▶ **Task requirements**: From the first line to the last, restate the material word for word; pictures stay out.

▶ **Given material**:
**********

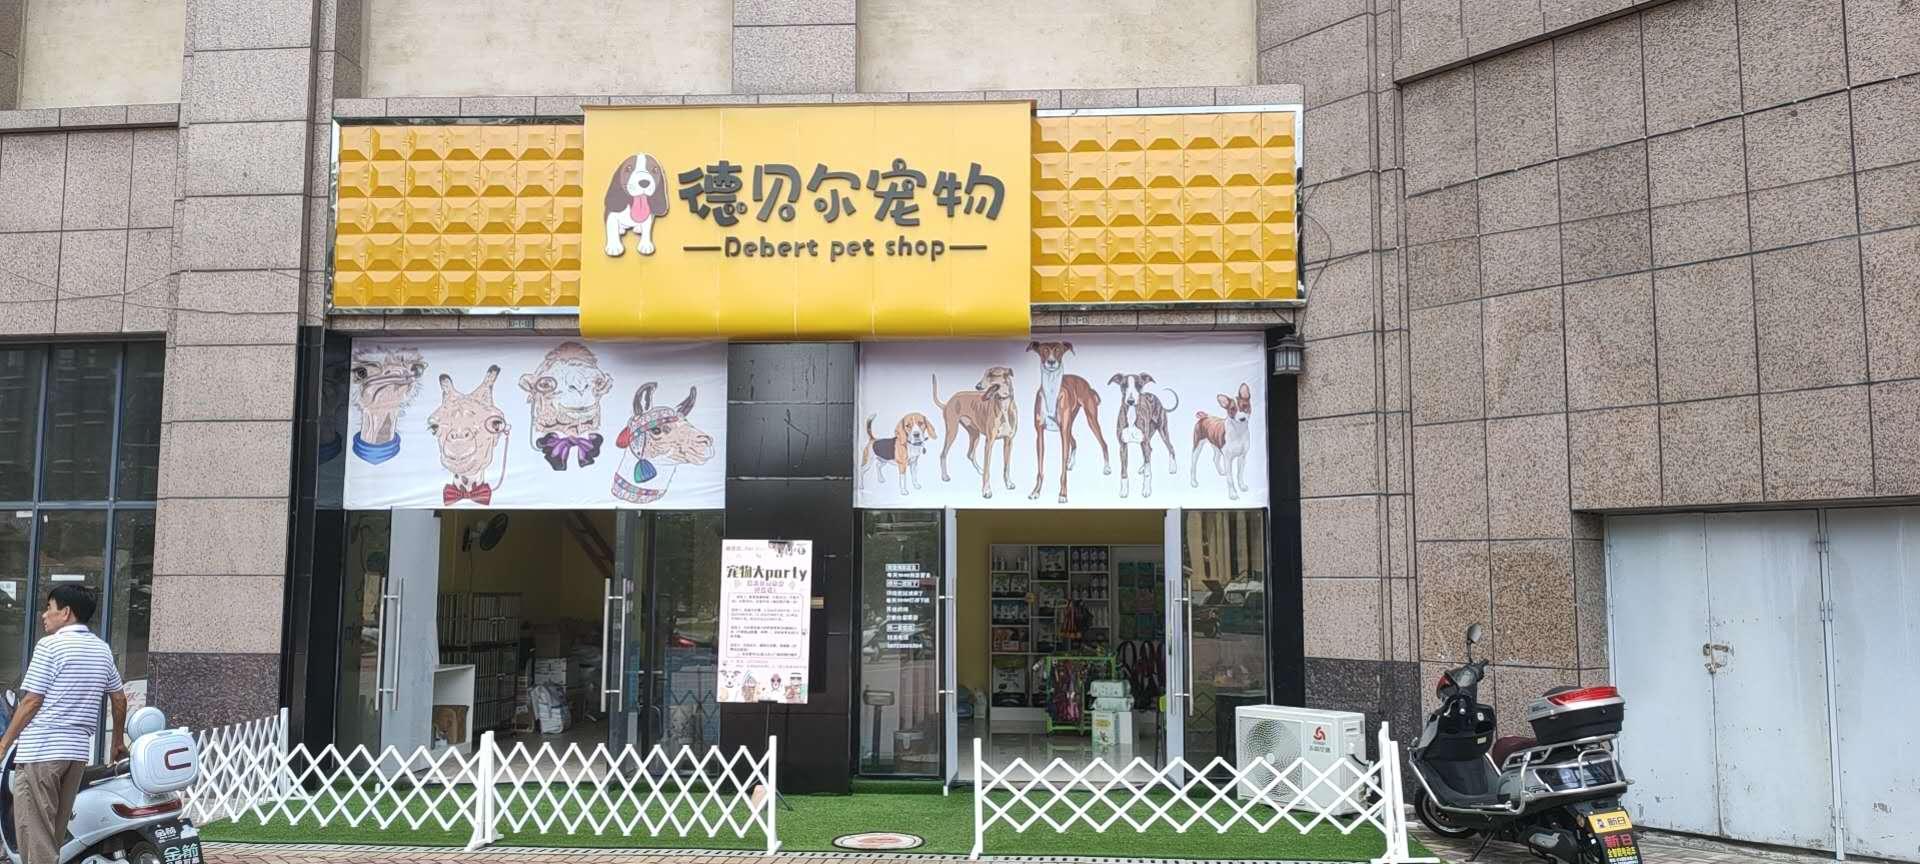 德貝爾寵物店打造惠水平價寵物
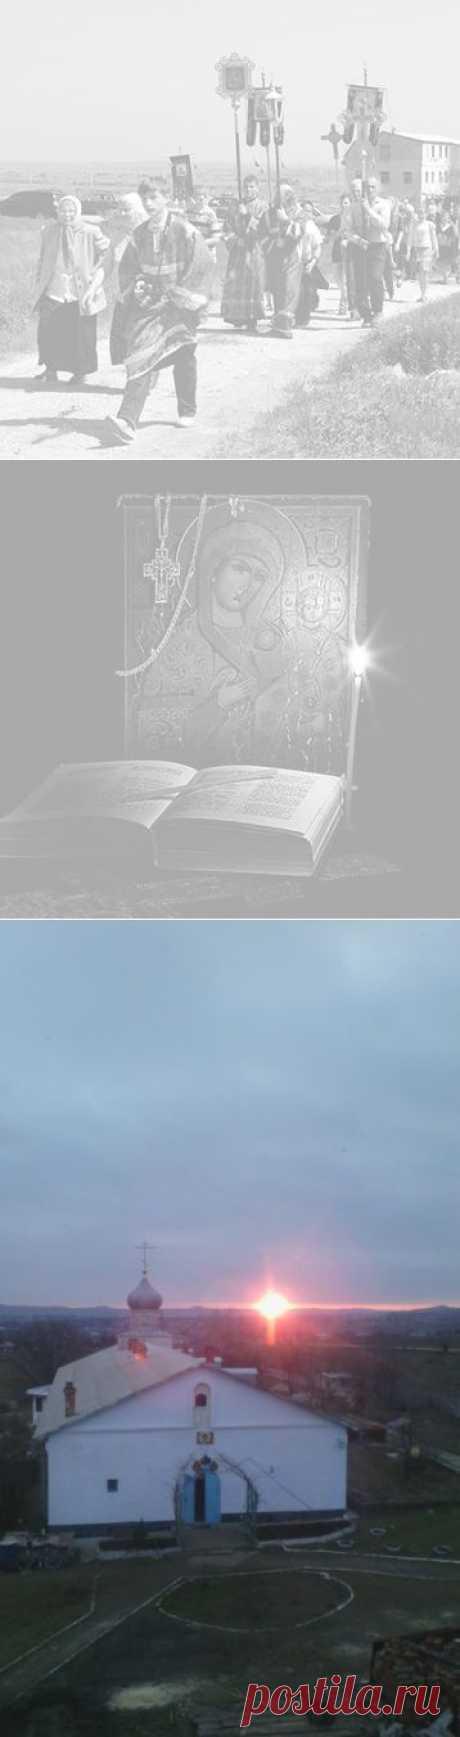 Катерлезский Свято-Георгиевский общинный женский монастырь — православный монастырь в селе Войково на Керченском полуострове.
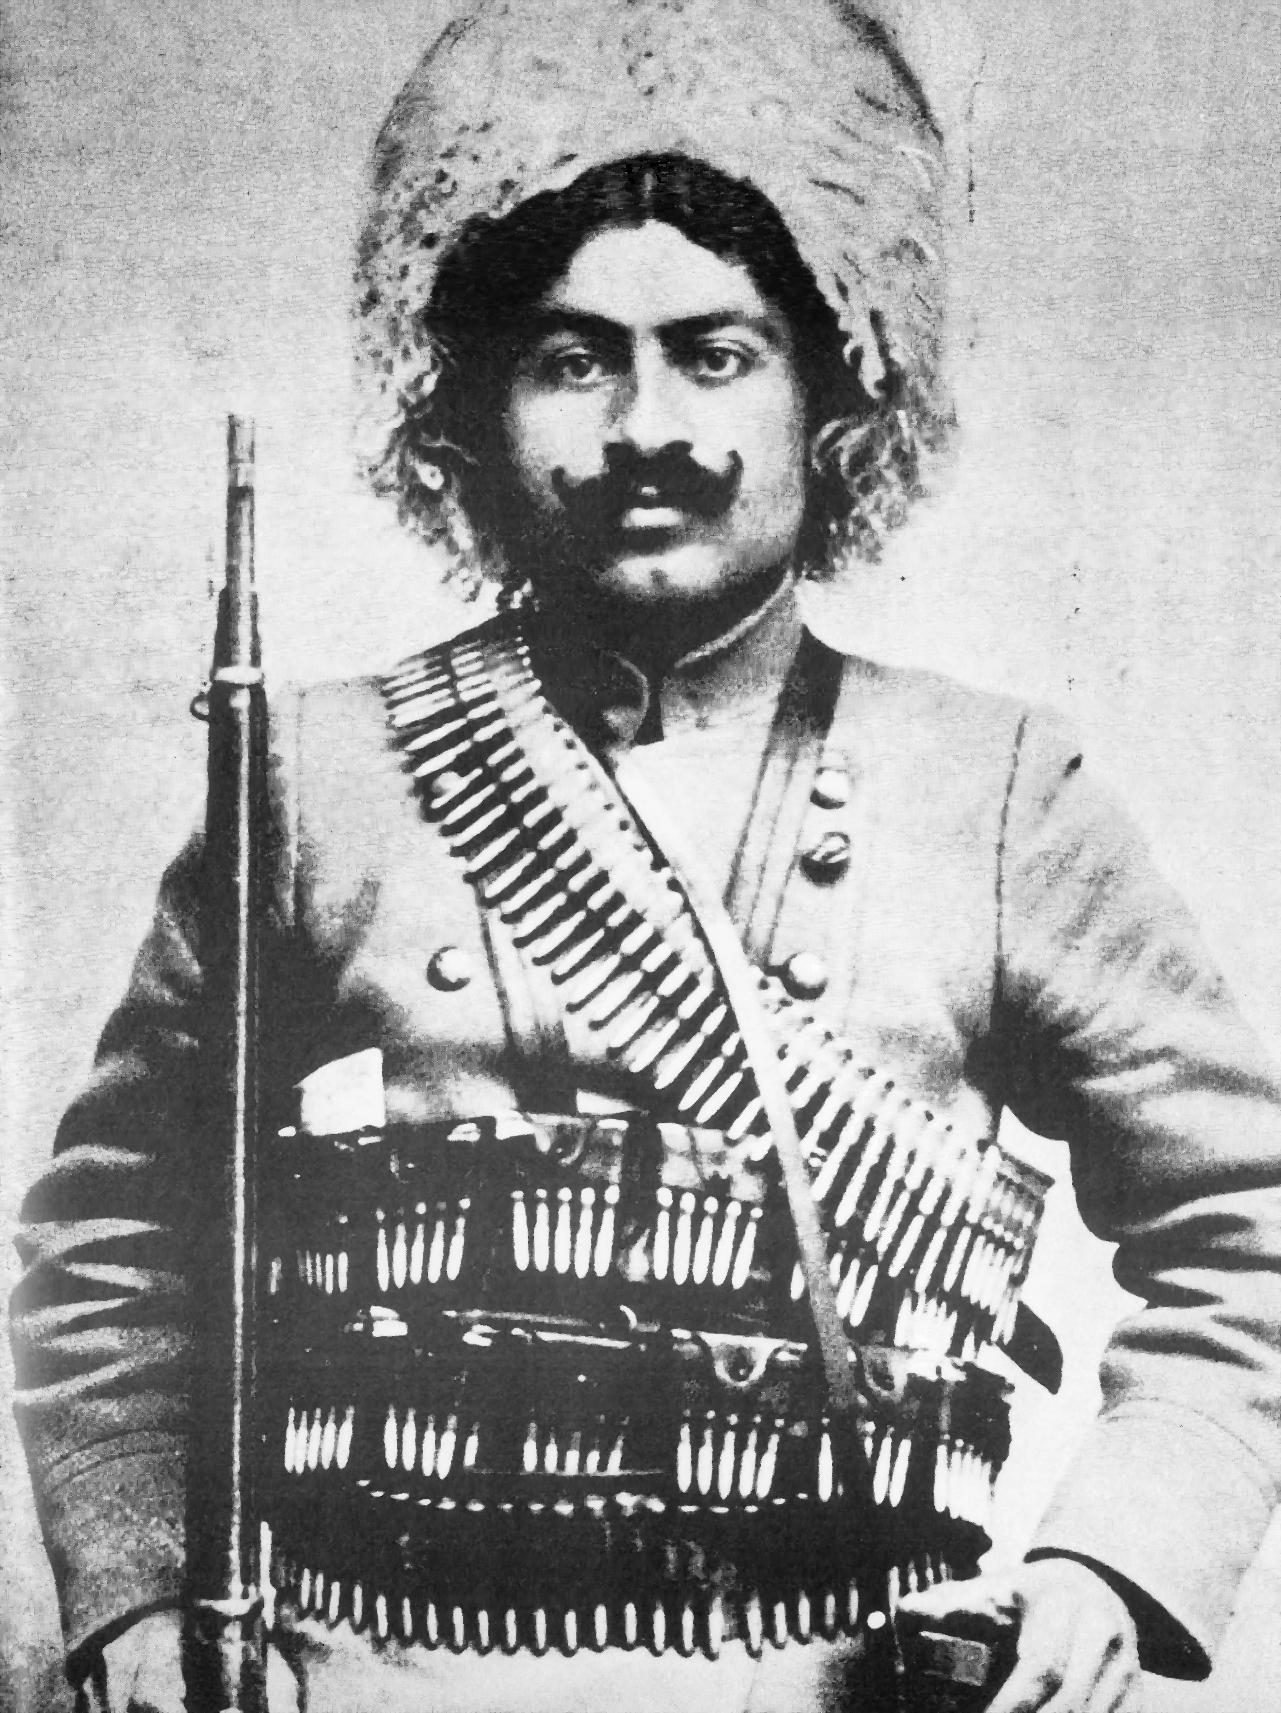 Garegin Nzhdeh Balkan Wars 1913.png

**********

▶ **Written response**:
 德貝爾寵物店打造惠水平價寵物
 Катерлезский Свято-Георгиевский общинный женский монастырь — православный монастырь в селе Войково на Керченском полуострове.
 Garegin Nzhdeh Balkan Wars 1913.png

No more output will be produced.